==== Information shown ====
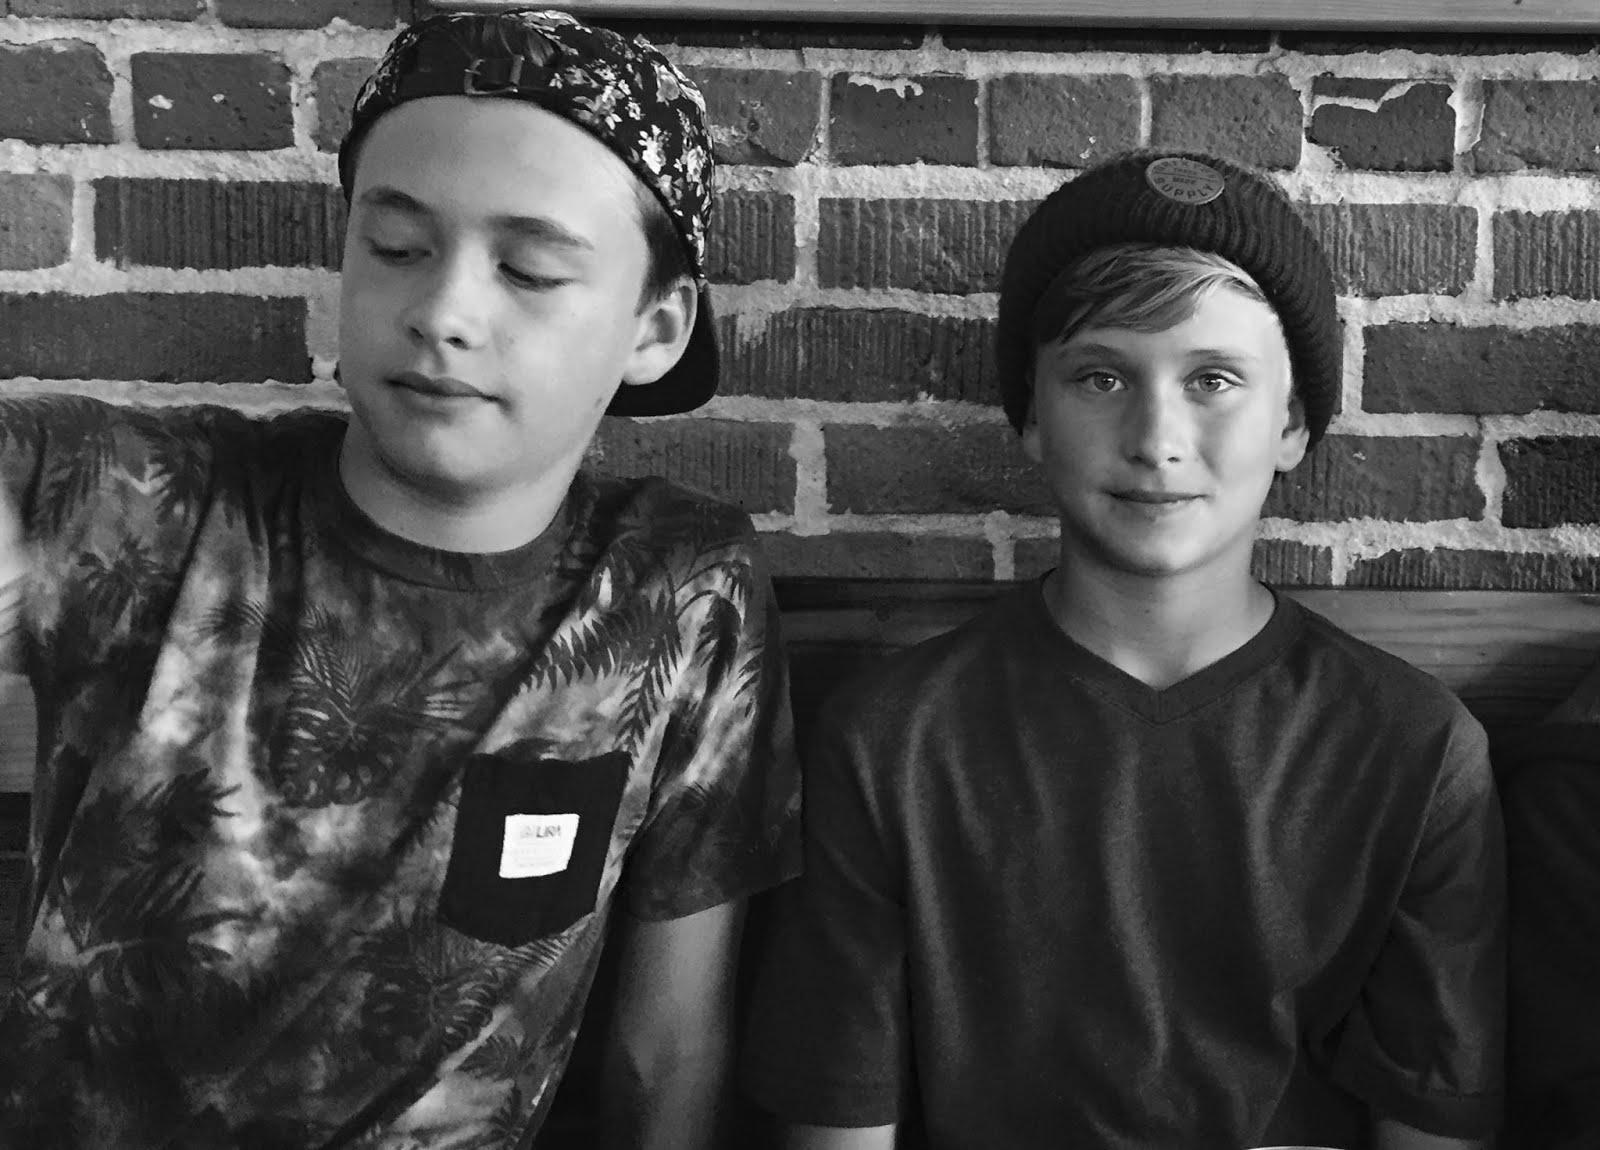 Ethan and Wyatt
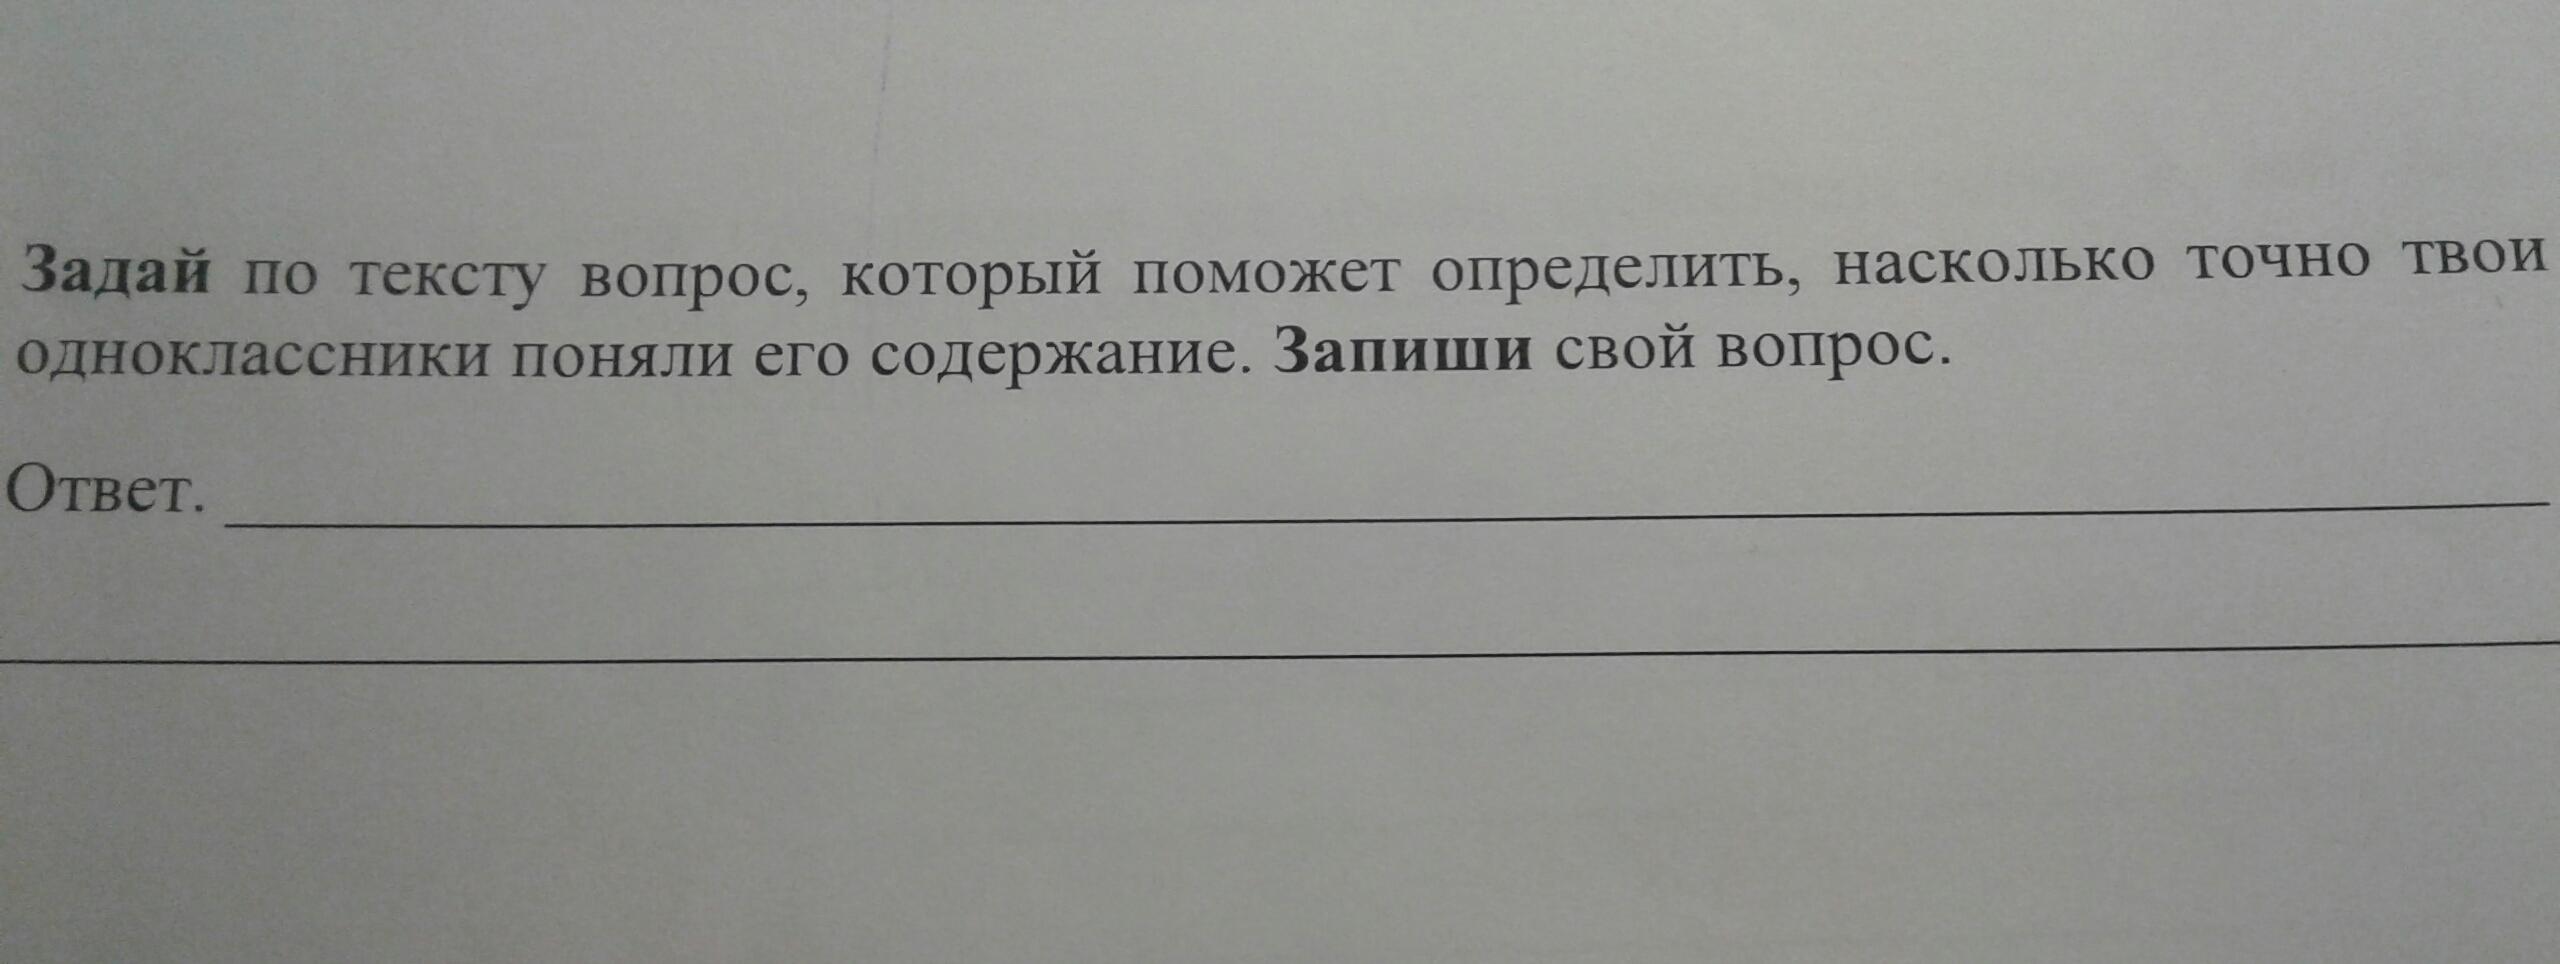 Задай по тексту вопрос который поможет определить
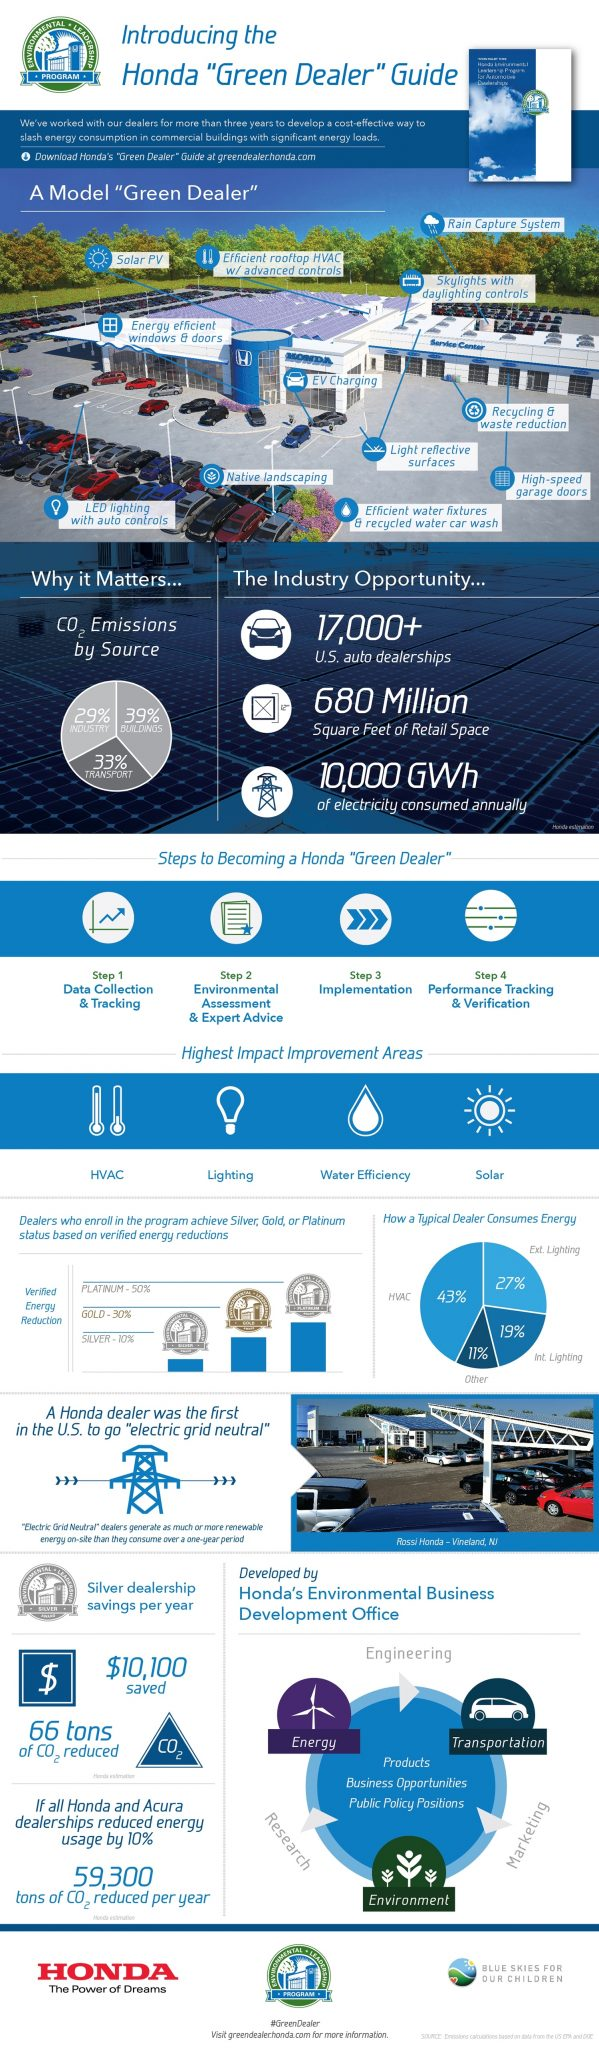 Honda Green Dealer Guide Infographic.
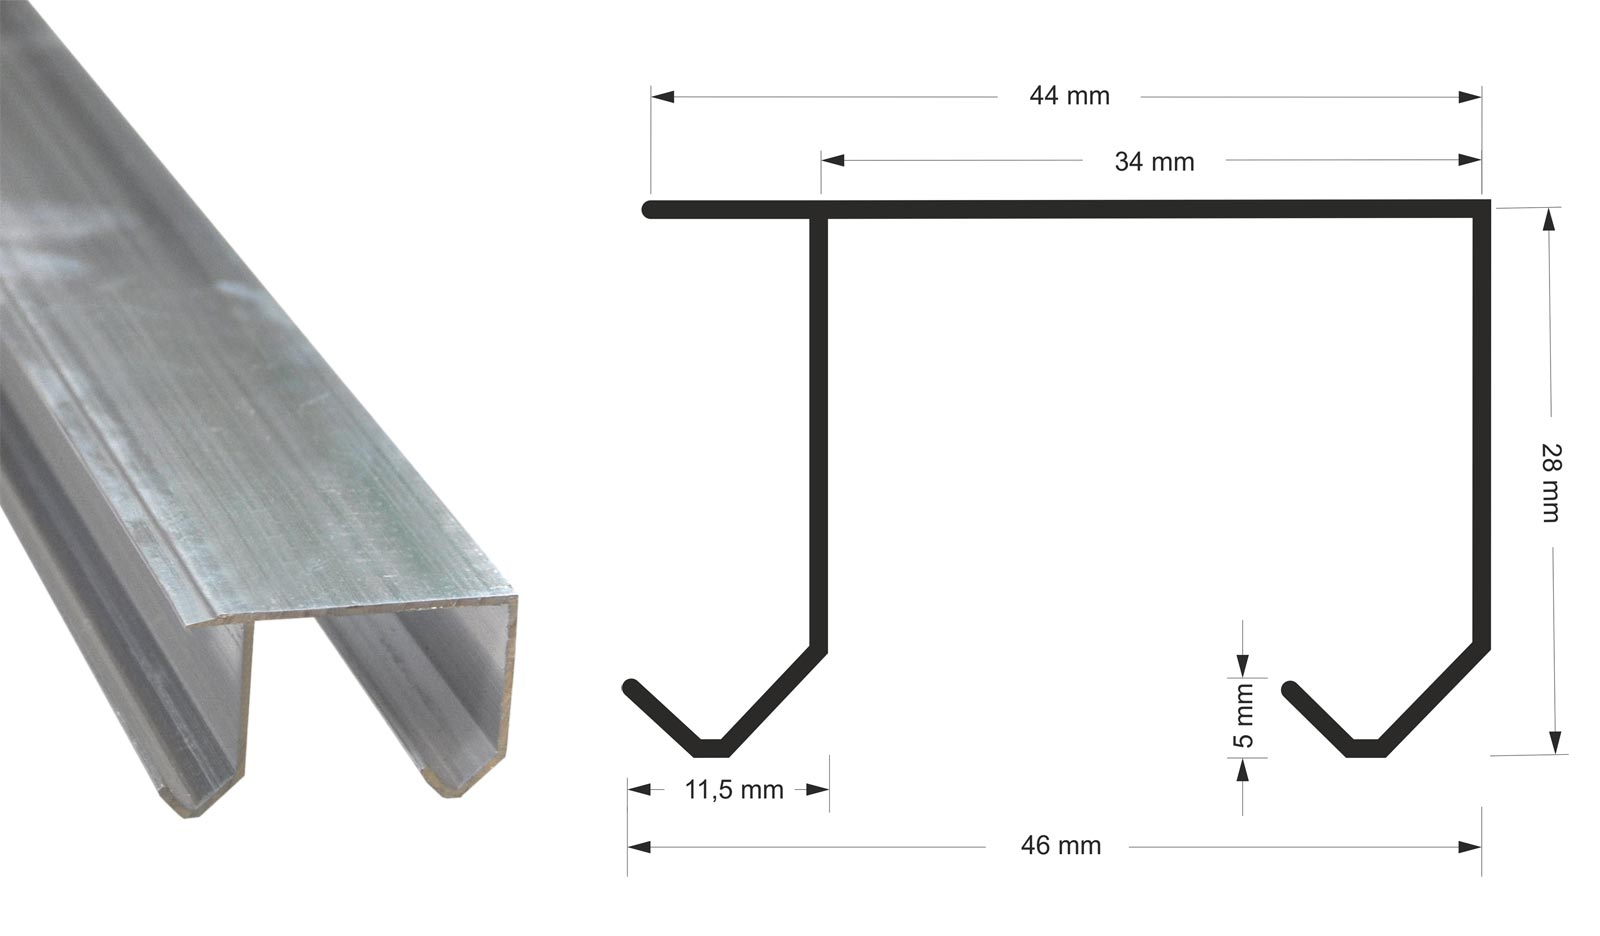 systeme f r schiebet ren doppellaufschiene laufrollen. Black Bedroom Furniture Sets. Home Design Ideas
====
> **Exercise**
A word-for-word copy of the listing is needed, with no pictures in it.

> **Output for this task**
 Ethan and Wyatt
 Задай по тексту вопрос который поможет определить
 Honda Green Dealer Guide Infographic.
 systeme f r schiebet ren doppellaufschiene laufrollen. Black Bedroom Furniture Sets. Home Design Ideas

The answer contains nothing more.